In practice, a non-discrete measure is often approximated by a discrete measure and the Kantorovich problem is solved through the linear programming optimization expressed in Equation (6).

3) Basic properties

Consider a transportation cost c(x, y) which is continuous and bounded from below. Given two signals I₀ and I₁ as above there always exists a transportation plan minimizing (4). This holds for both when signals I₀ and I₁ are functions and when they are discrete probability distributions [49].

A further important question is regarding the existence of an optimal transport map instead of a plan. Brenier [9] addressed this problem for the special case where c(x, y) = |x − y|². Bernier’s results was later relaxed to more general cases by Gangbo and McCann [20], which led to the following theorem:

Theorem

Let I₀ and I₁ be nonnegative functions of same total mass and with bounded support. When c(x, y) = h(x − y) for some strictly convex function h then there exists a unique optimal transportation map f^∗ minimizing (1). In addition, the optimal transport plan is unique, and given by (5). Moreover if c(x, y) = |x − y|² then there exists a (unique up to adding a constant) convex function ϕ such that f^∗ = ∇ϕ. A proof is available in [20, 49].

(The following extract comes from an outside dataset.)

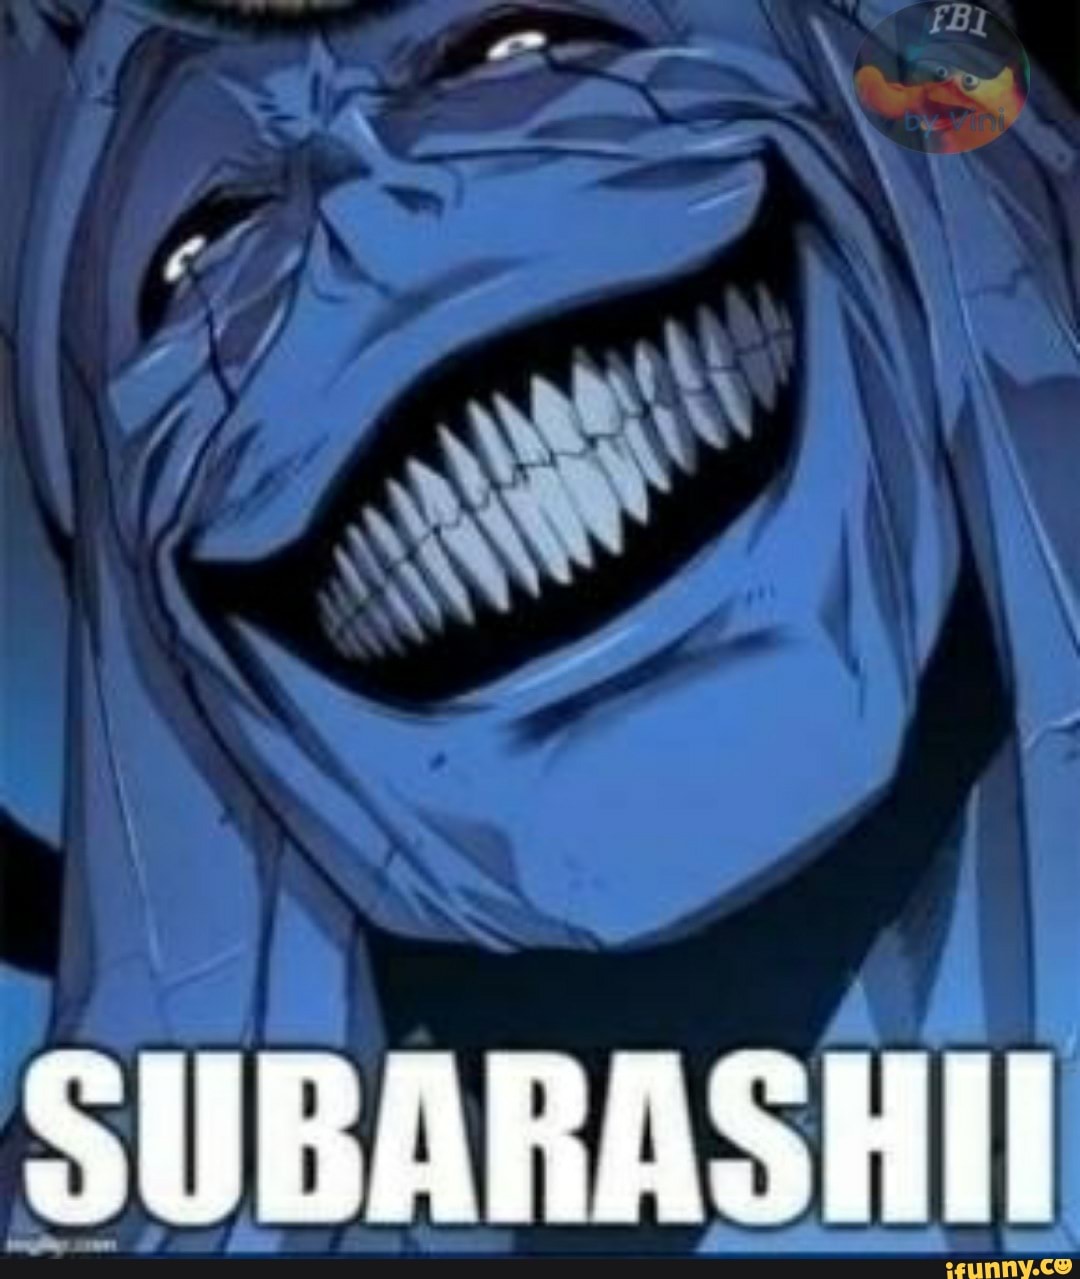 Subarashii memes. Best Collection of funny Subarashii pictures on iFunny  Brazil

B. Optimal Mass Transport: Geometric properties

1) Wasserstein metric

Let Ω be a bounded subset of ℝ^d on which the signals are defined. For signals (d = 1) or images (d = 2), this can simply be the space [0, 1]^d, for example. Let P(Ω) be the set of probability densities supported on Ω. The p-Wasserstein metric, W_p, for p ≥ 1 on P(Ω) is then defined as using the optimal transportation problem (4) with the cost function c(x, y) = |x − y|^p. For I₀ and I₁ in P(Ω),

W_{p} (I_{0}, I_{1}) = {(\inf_{γ \in M P} \int_{Ω \times Ω} {| x - y |}^{p} d γ (x, y))}^{\frac{1}{p}} .

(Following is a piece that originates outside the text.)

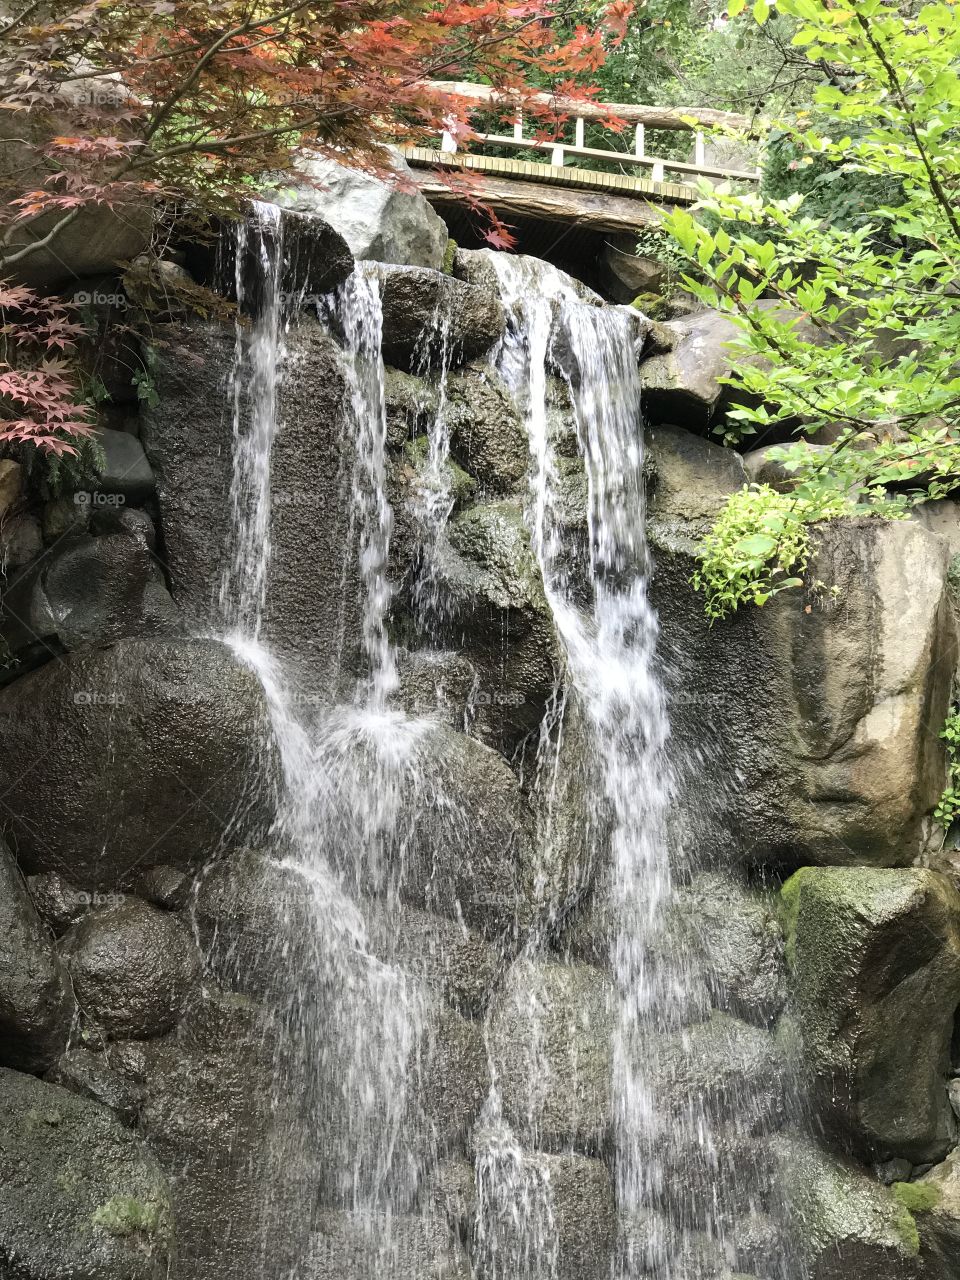 Waterfall garden

For any p ≥ 1, W_p is a metric on P(Ω). The metric space (P(Ω), W_p) is referred to as the p-Wasserstein space. To understand the nature of the optimal transportation distances it is useful to note that for any p ≥ 1, the convergence with respect to W_p is equivalent to the weak convergence of measures. That is W_p(I_n, I) → 0 as n → ∞ if and only if for every bounded and continuous function f : Ω → ℝ

\int_{Ω} f (x) I_{n} (x) dx \to \int_{Ω} f (x) I (x) dx .

For the specific case of p = 1 the p-Wasserstein metric is also known as the Monge–Rubinstein [49] metric, or the earth mover distance [44]. The p-Wasserstein metric in one-dimension has a simple characterization. For one-dimensional signals I₀ and I₁ the optimal transport map has a closed form solution. Let F_i be the cumulative distribution function of I_i for i = 0, 1. That is

F_{i} (x) = \int_{\inf (Ω)}^{x} I_{i} (x) dx for i = 0, 1.

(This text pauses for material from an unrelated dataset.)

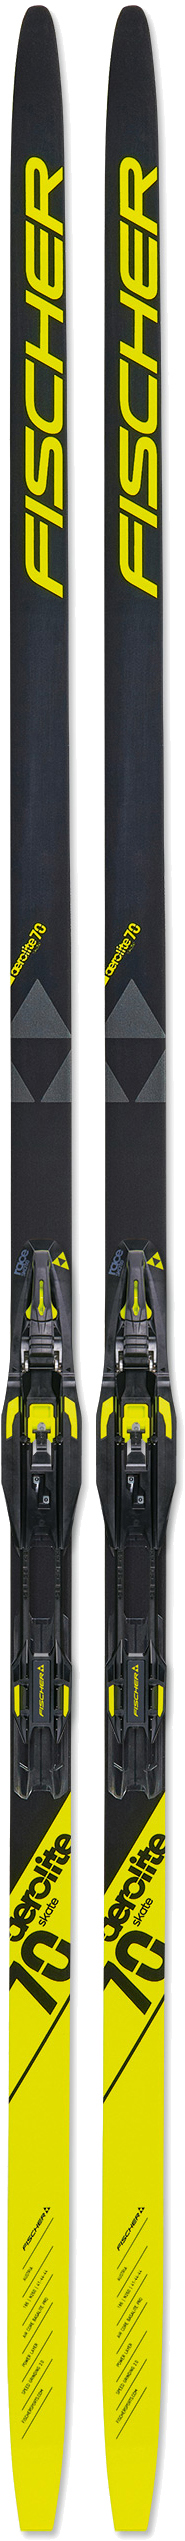 Лыжи для конькового хода Fischer Aerolite-Skate-70 186 см

Note that this is a nondecreasing function going from 0 to 1. We define the pseudoinverse of F₀ as follows: for z ∈ (0, 1), F⁻¹(z) is the smallest x for which F₀(x) ≥ z, that is

F_{0}^{- 1} (z) = \inf {x \in Ω : F_{0} (x) \geq z}

If I₀ > 0 then F₀ is continuous and increasing (and thus invertible) and the inverse of the function F₀ is equal to the pseudoinverse we just defined. In other words the pseudoinverse is a generalization of the notion of the inverse of a function. The pseudoinverse (i.e. the inverse if I₀ > 0 and I₁ > 0) provides a closed form solution for the p-Wasserstein distance:

W_{p} (I_{0}, I_{1}) = {(\int_{0}^{1} {| F_{0}^{- 1} (z) - F_{1}^{- 1} (z) |}^{p} dz)}^{\frac{1}{p}} .

(7)

The closed-form solution of the p-Wasserstein distance in one dimension is an attractive property, as it alleviates the need for optimization. This property was employed in the Sliced Wasserstein metrics as defined below.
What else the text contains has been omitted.